◆ Exercise directions:
Find "Method of protecting" below and begin at its line; stop after the line with "Wherever you're cheering". Output those lines exactly, without pictures.

◆ Provided data:
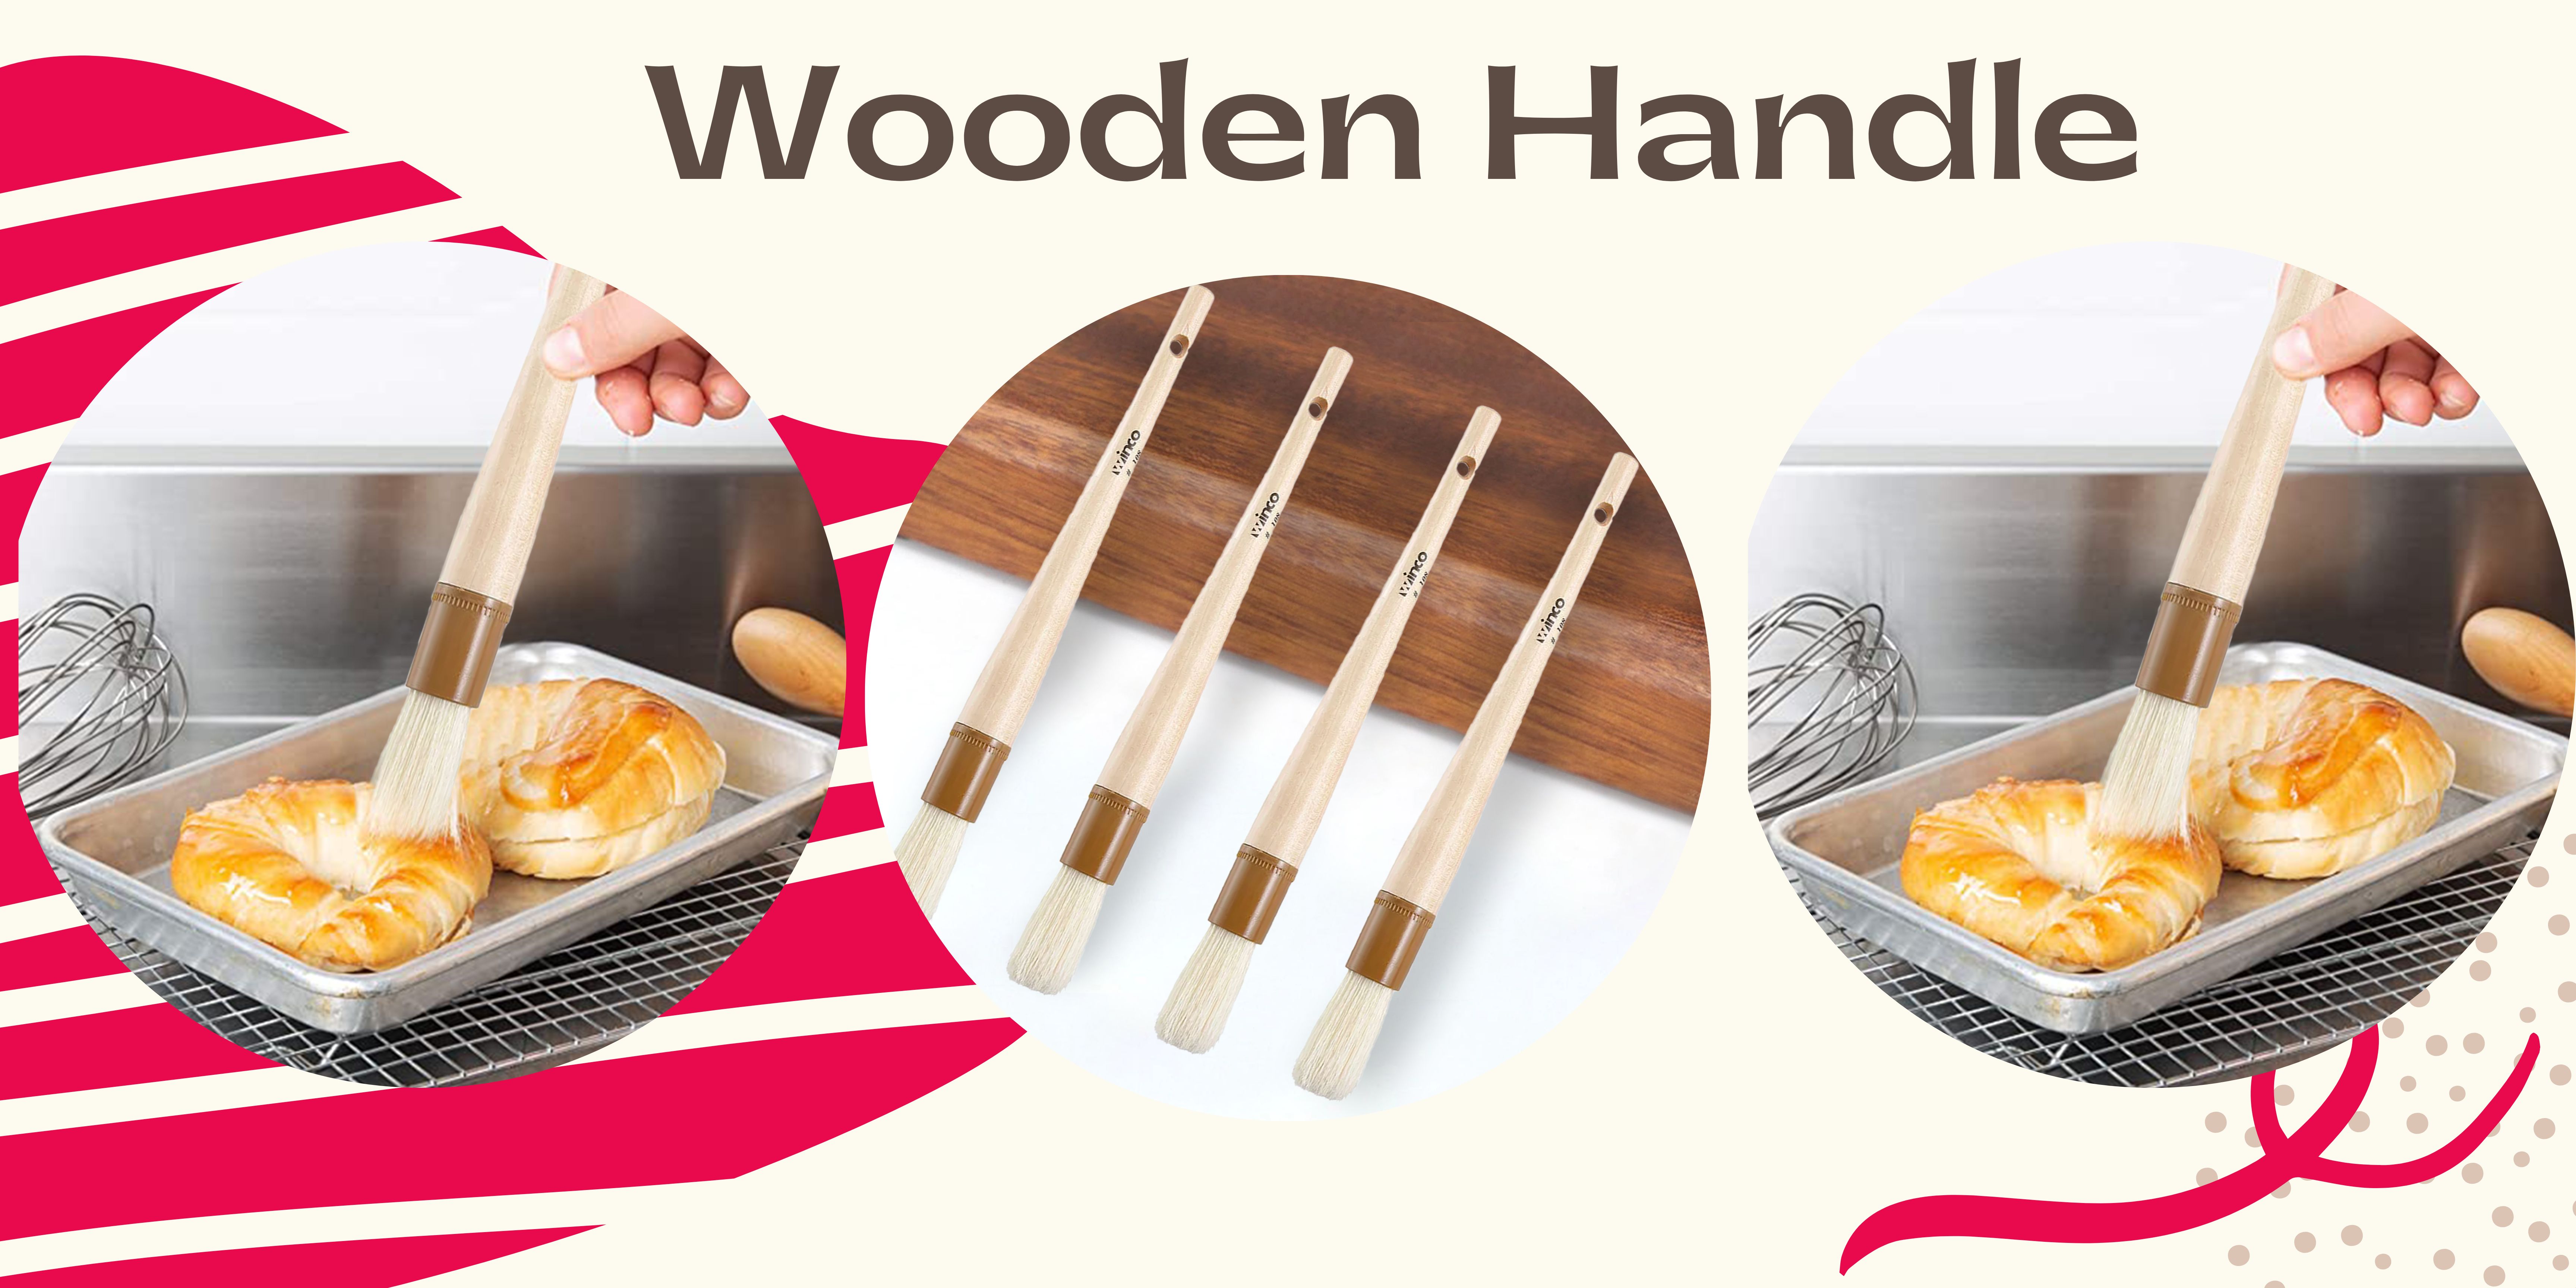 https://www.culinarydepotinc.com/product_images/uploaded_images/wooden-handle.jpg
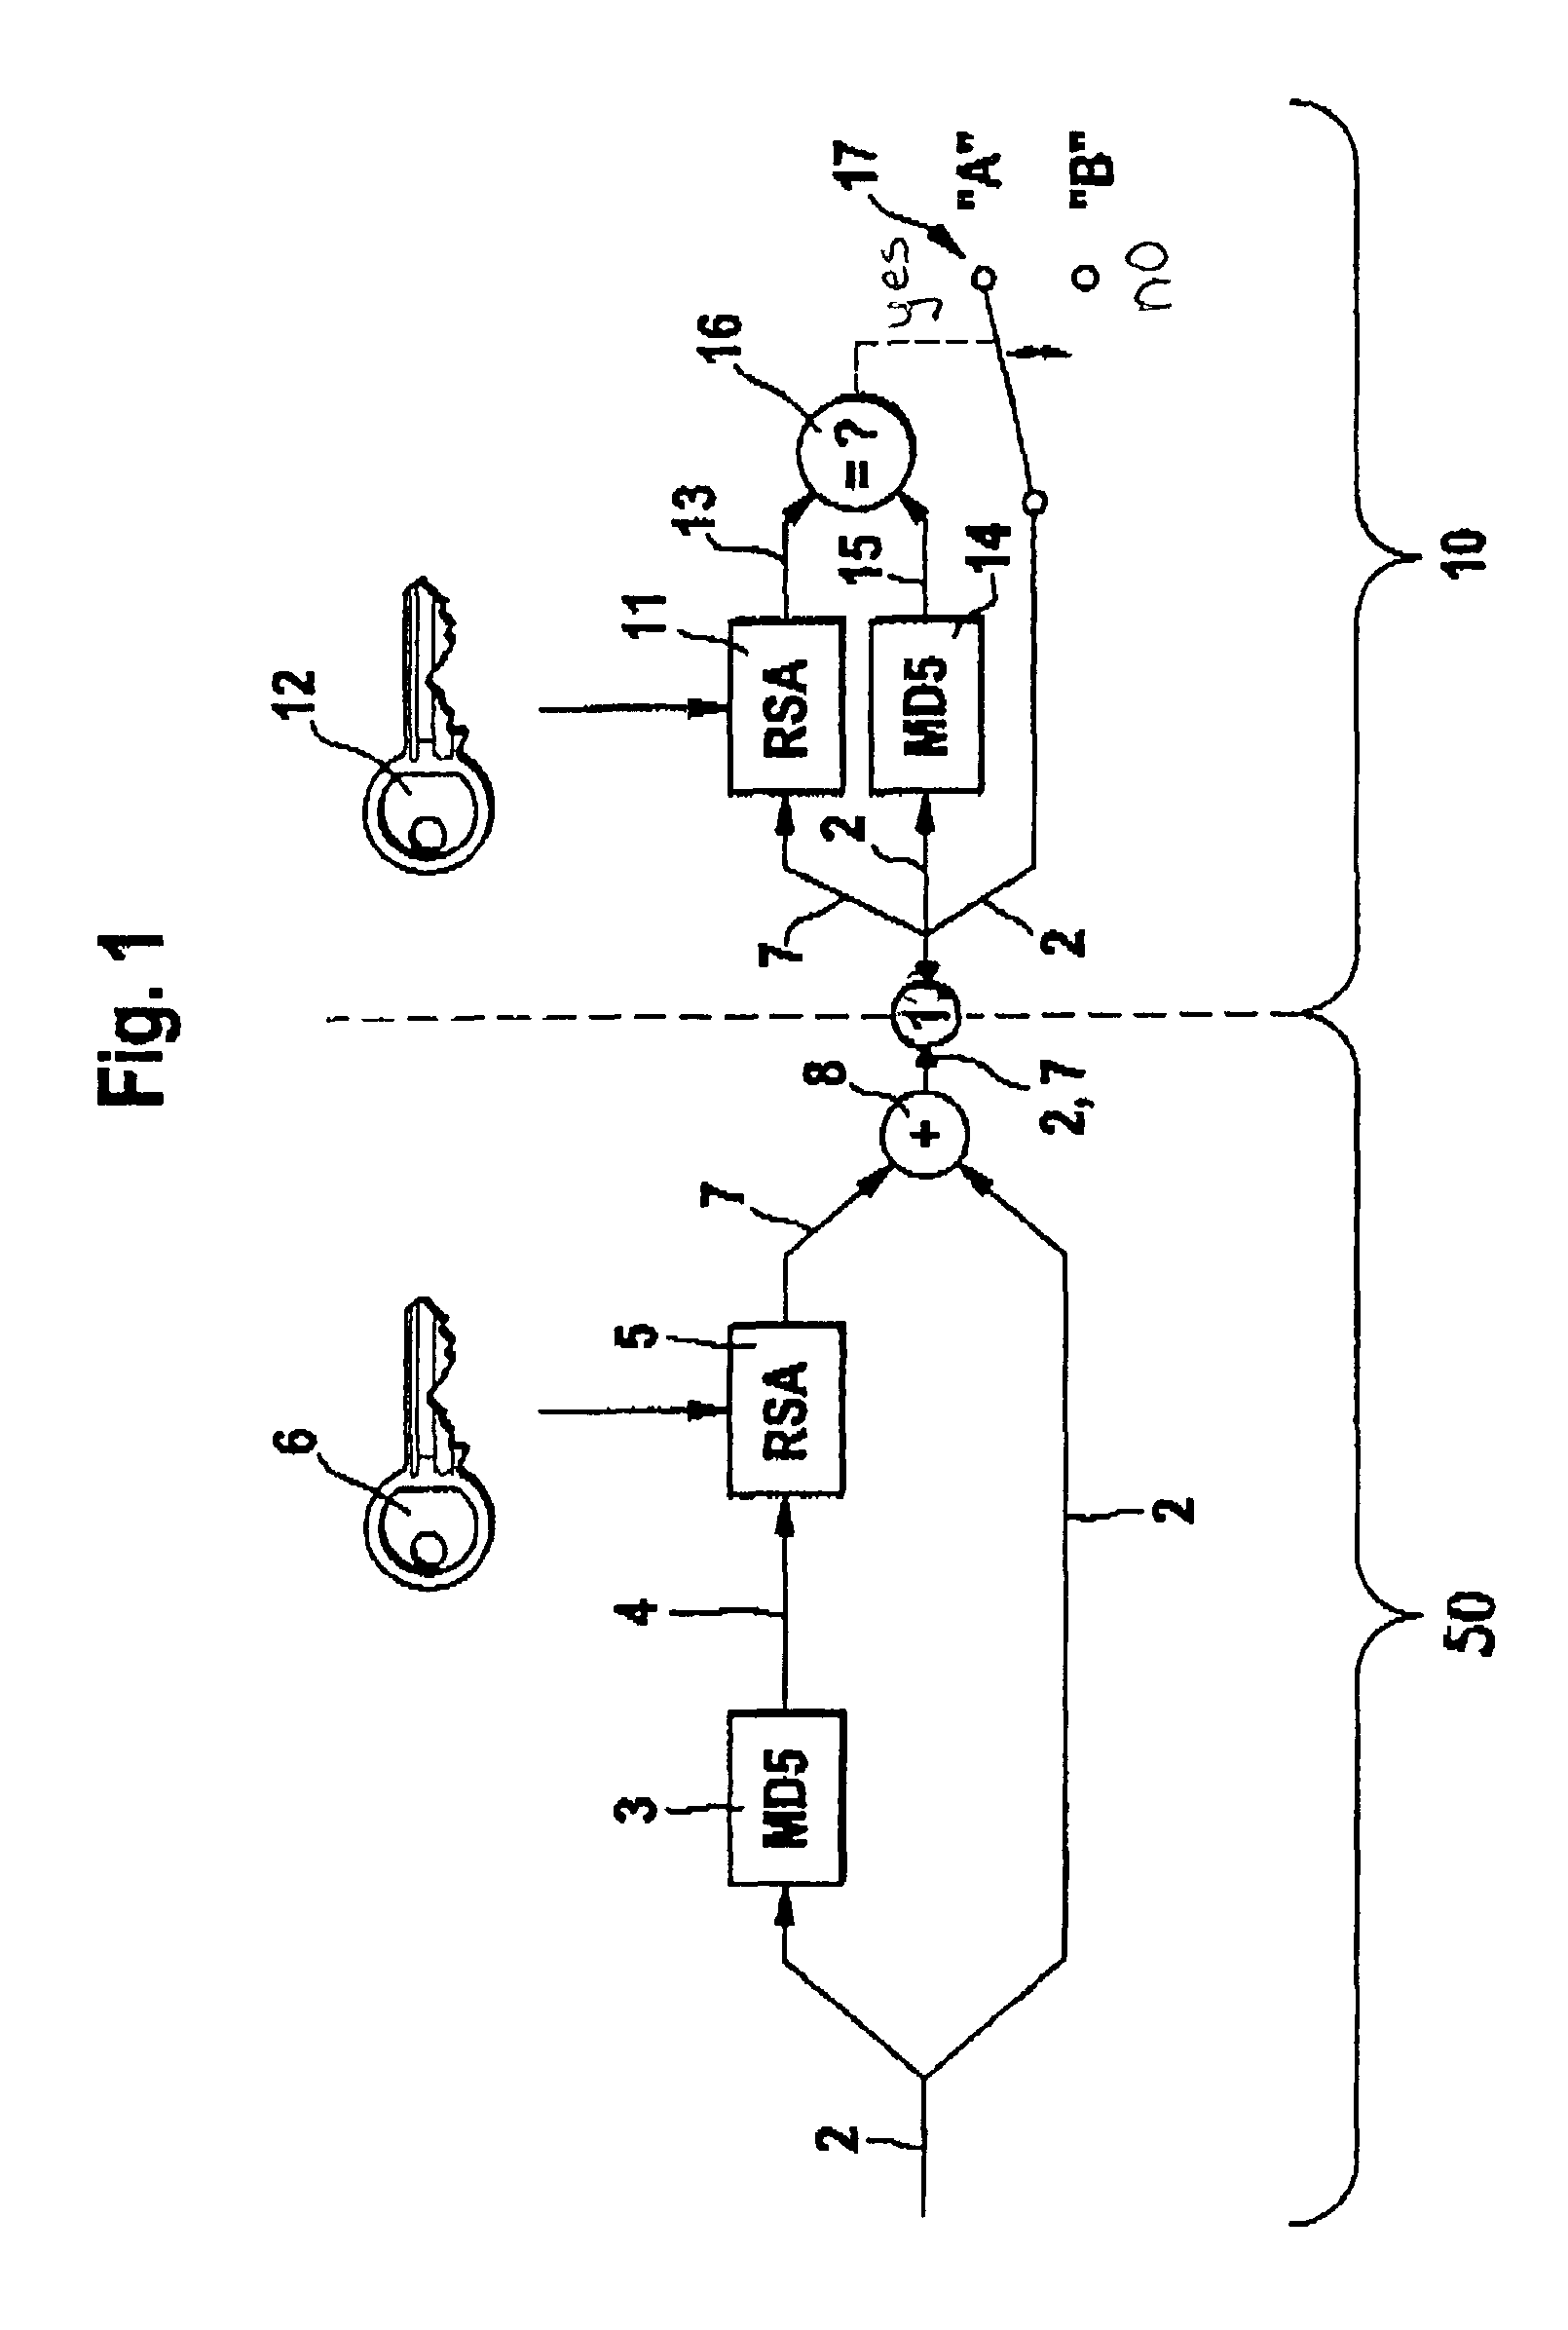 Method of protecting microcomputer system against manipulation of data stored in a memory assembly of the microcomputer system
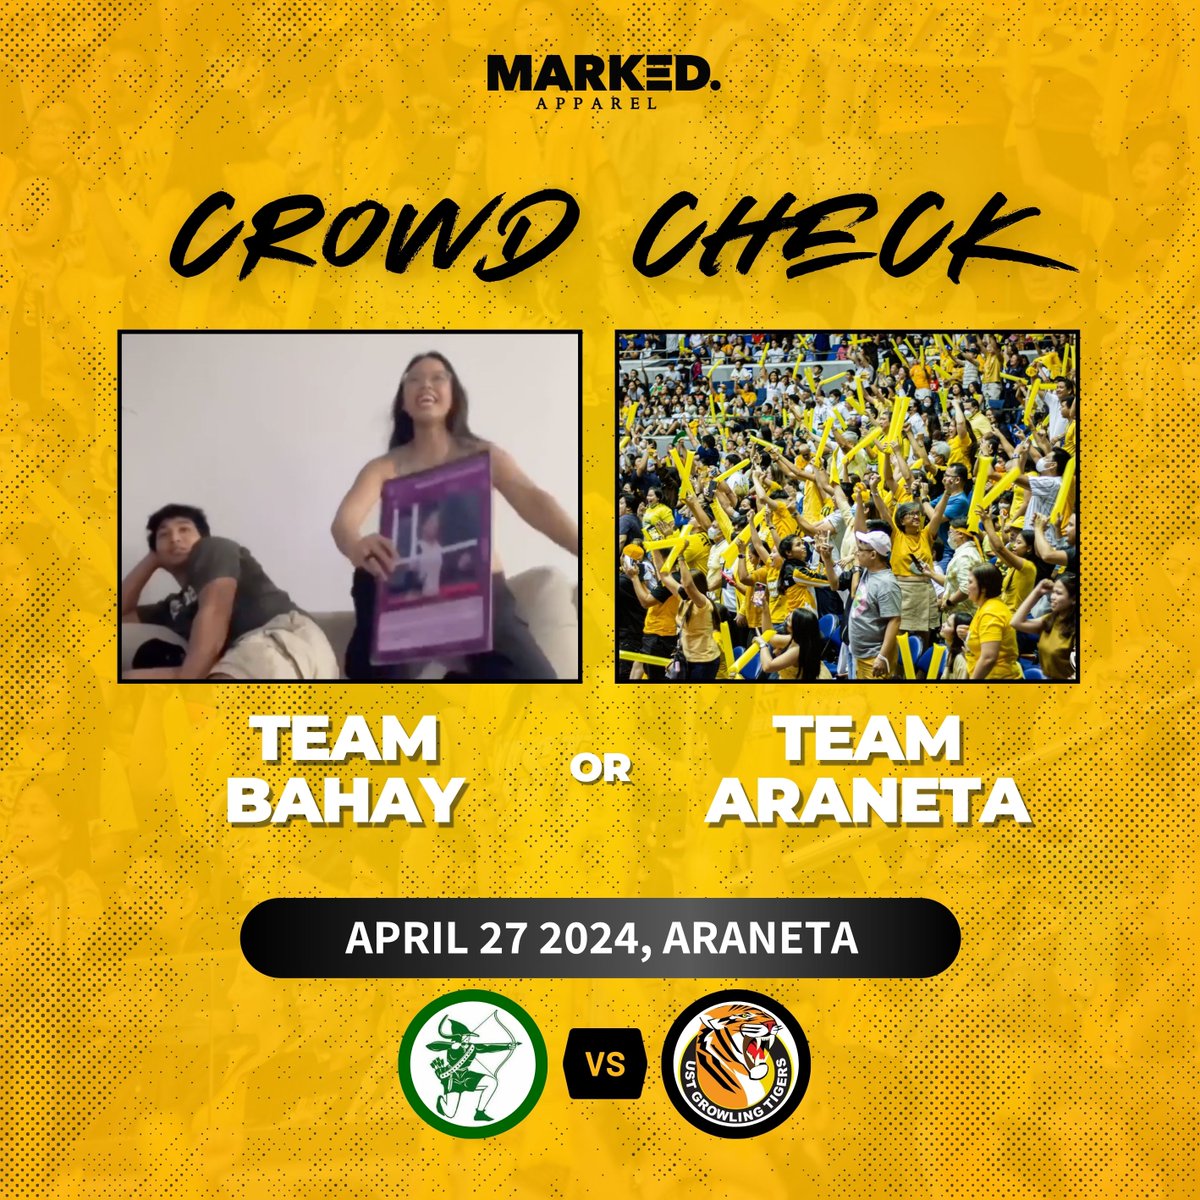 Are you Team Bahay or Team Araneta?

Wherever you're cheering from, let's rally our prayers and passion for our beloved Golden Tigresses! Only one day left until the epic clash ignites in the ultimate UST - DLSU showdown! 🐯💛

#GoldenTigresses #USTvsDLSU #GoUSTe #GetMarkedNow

◆ Exercise answer:
 Method of protecting microcomputer system against manipulation of data stored in a memory assembly of the microcomputer system
 Are you Team Bahay or Team Araneta?

Wherever you're cheering from, let's rally our prayers and passion for our beloved Golden Tigresses! Only one day left until the epic clash ignites in the ultimate UST - DLSU showdown! 🐯💛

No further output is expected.